- _Problem description_: Transcribe only what runs from the line containing "Photo of Handmade" through the final line below, exactly, and leave every picture out.

- _The data_:
=== Begin Enclosure ===
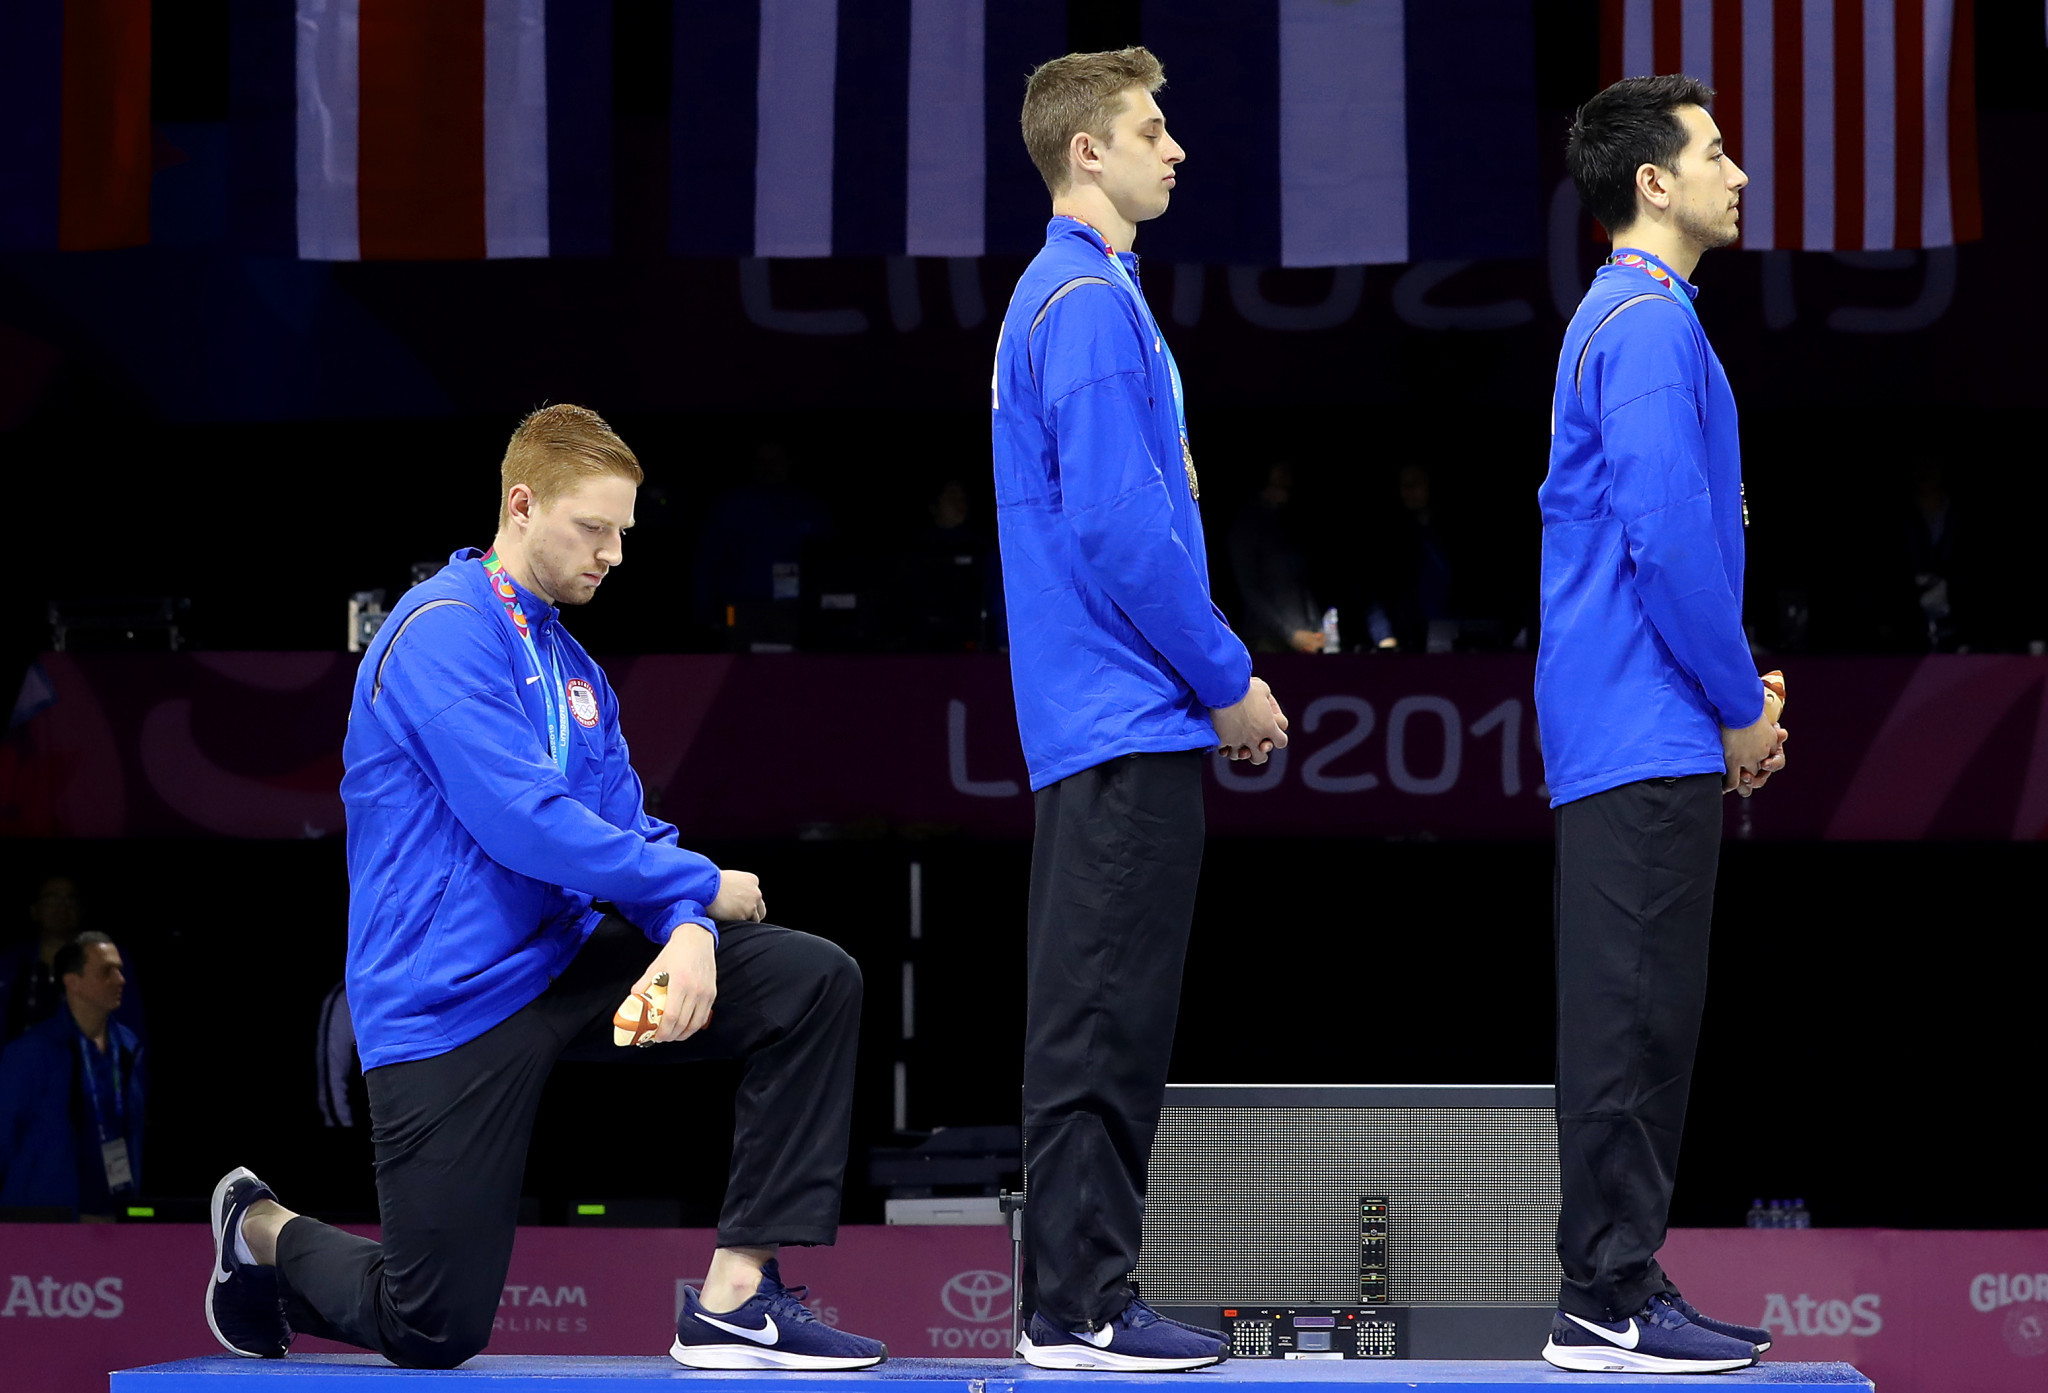 Race Imboden, left, was one of two US athletes who protested on the Lima 2019 podium ©Getty Images
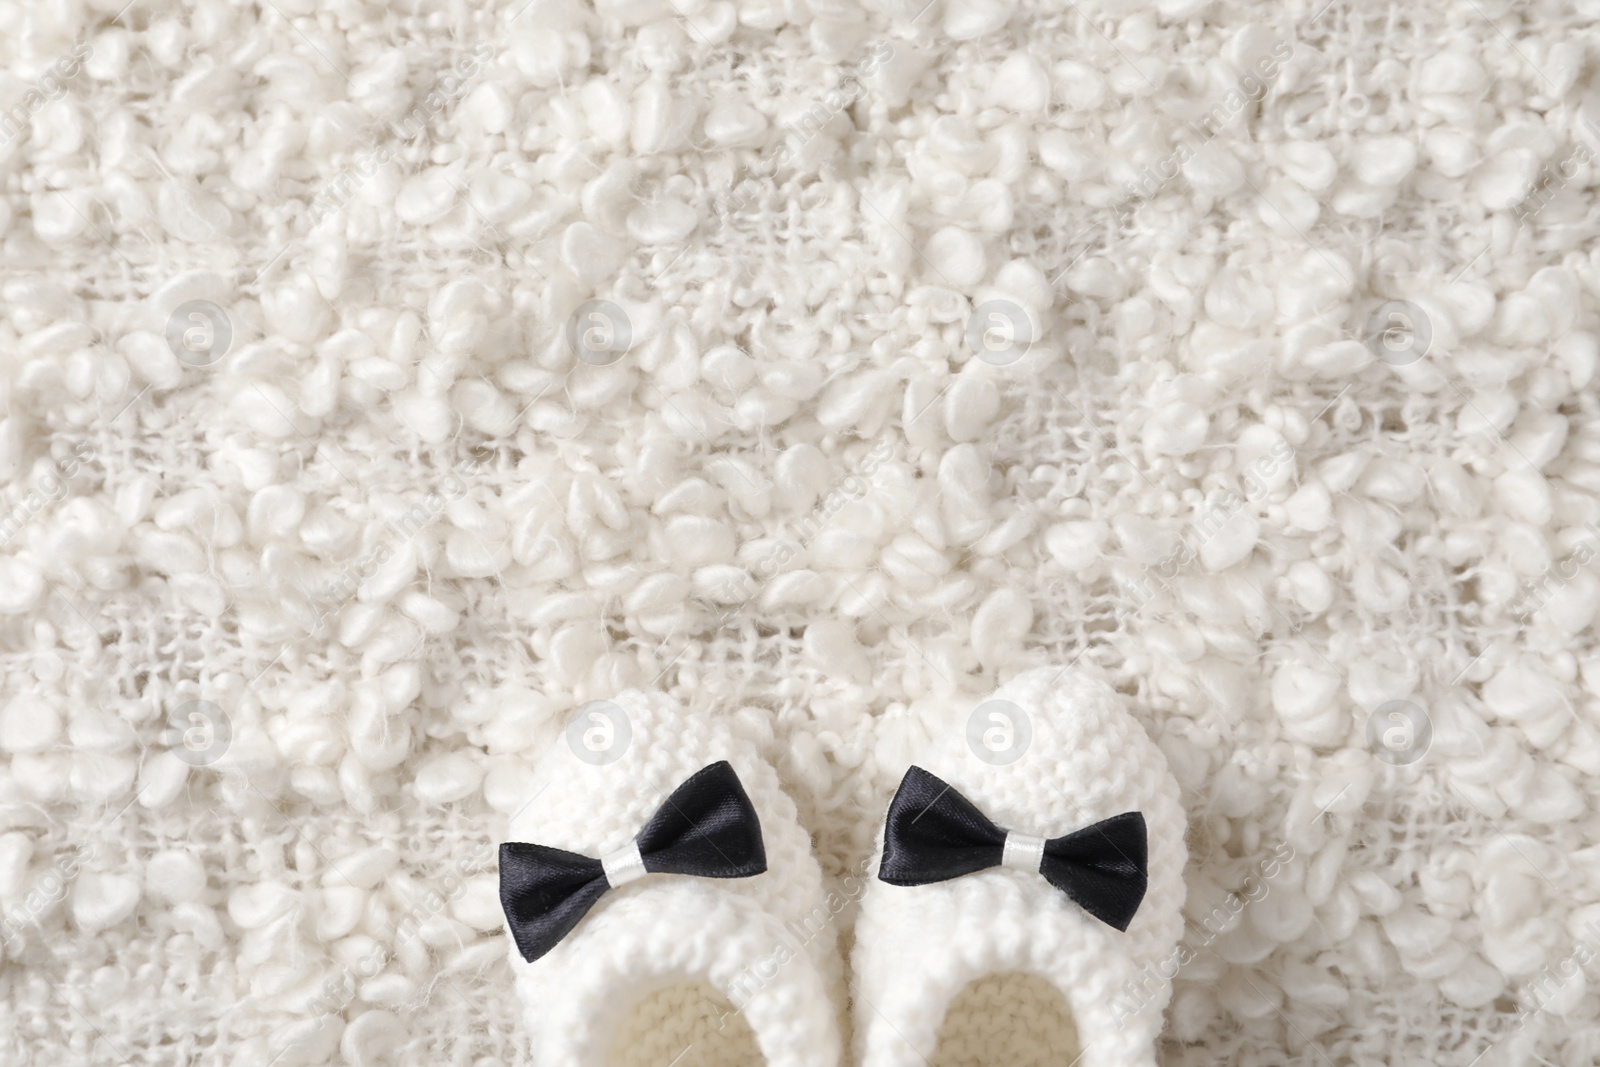 Photo of Handmade baby booties on soft plaid, top view with space for text
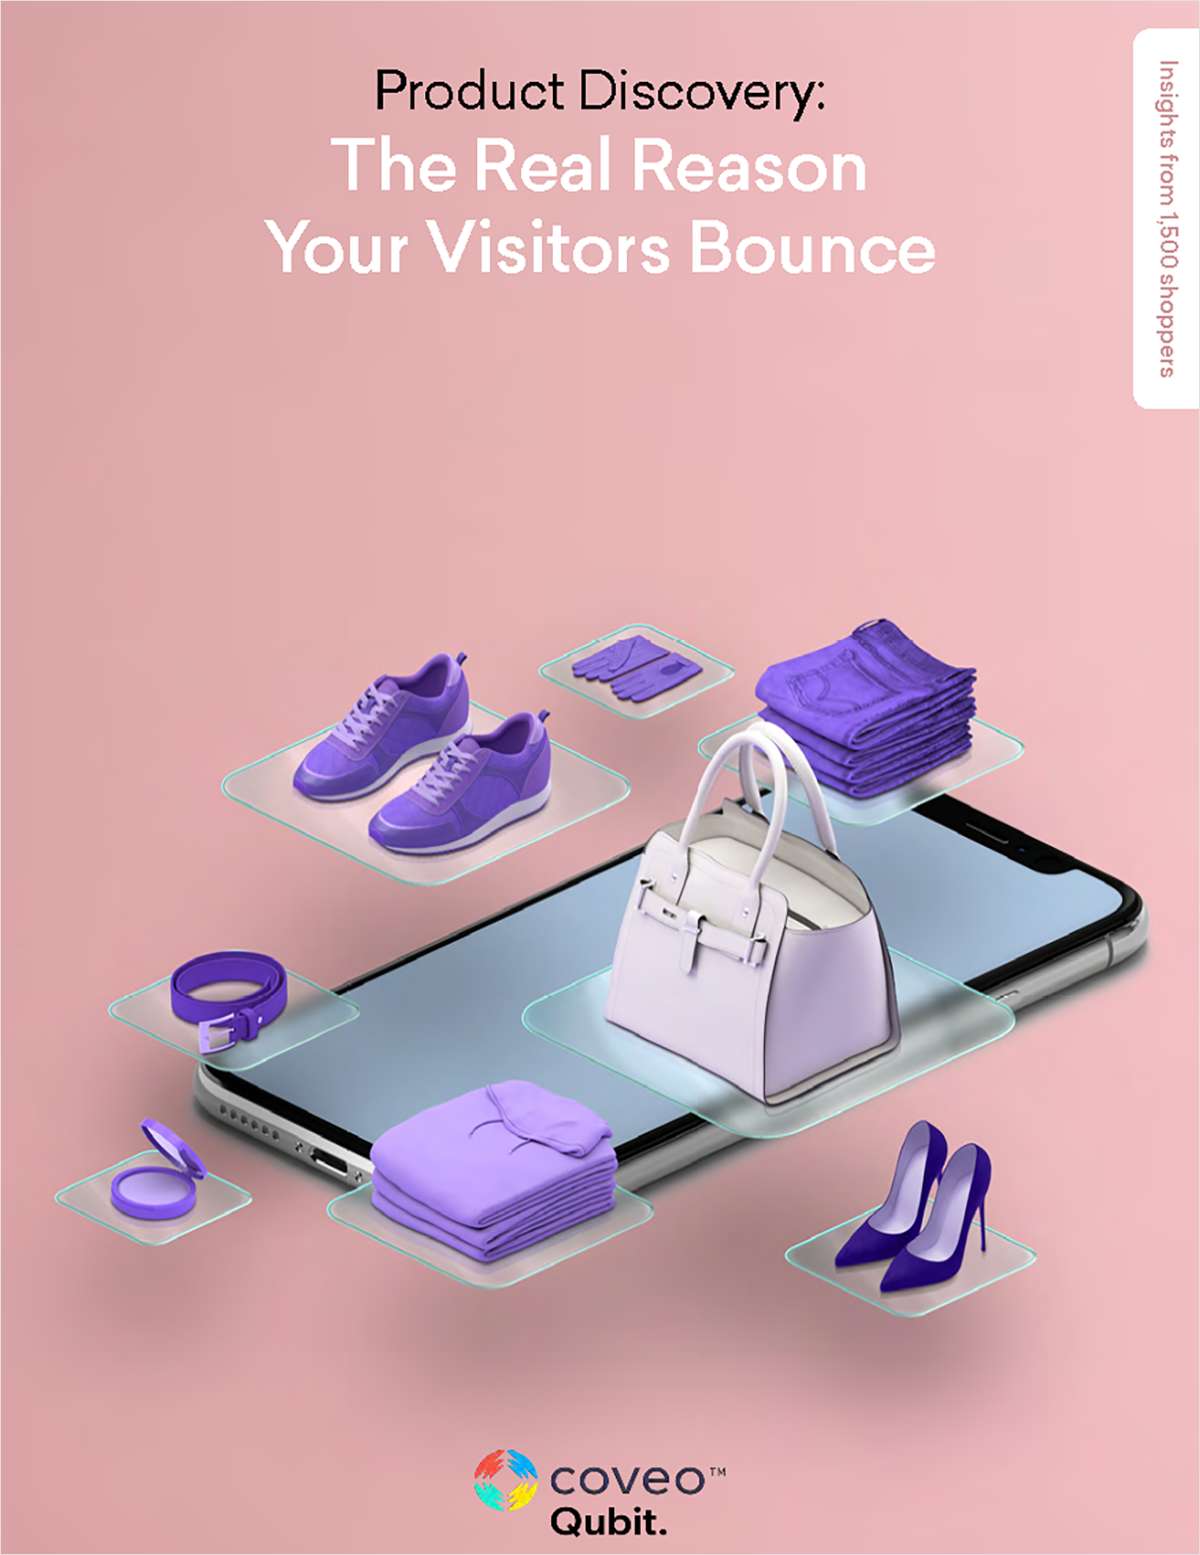 Product Discovery: The Real Reason Your Visitors Bounce
=== End Enclosure ===
- _Your solution_:
 Photo of Handmade baby booties on soft plaid, top view with space for text
 Product Discovery: The Real Reason Your Visitors Bounce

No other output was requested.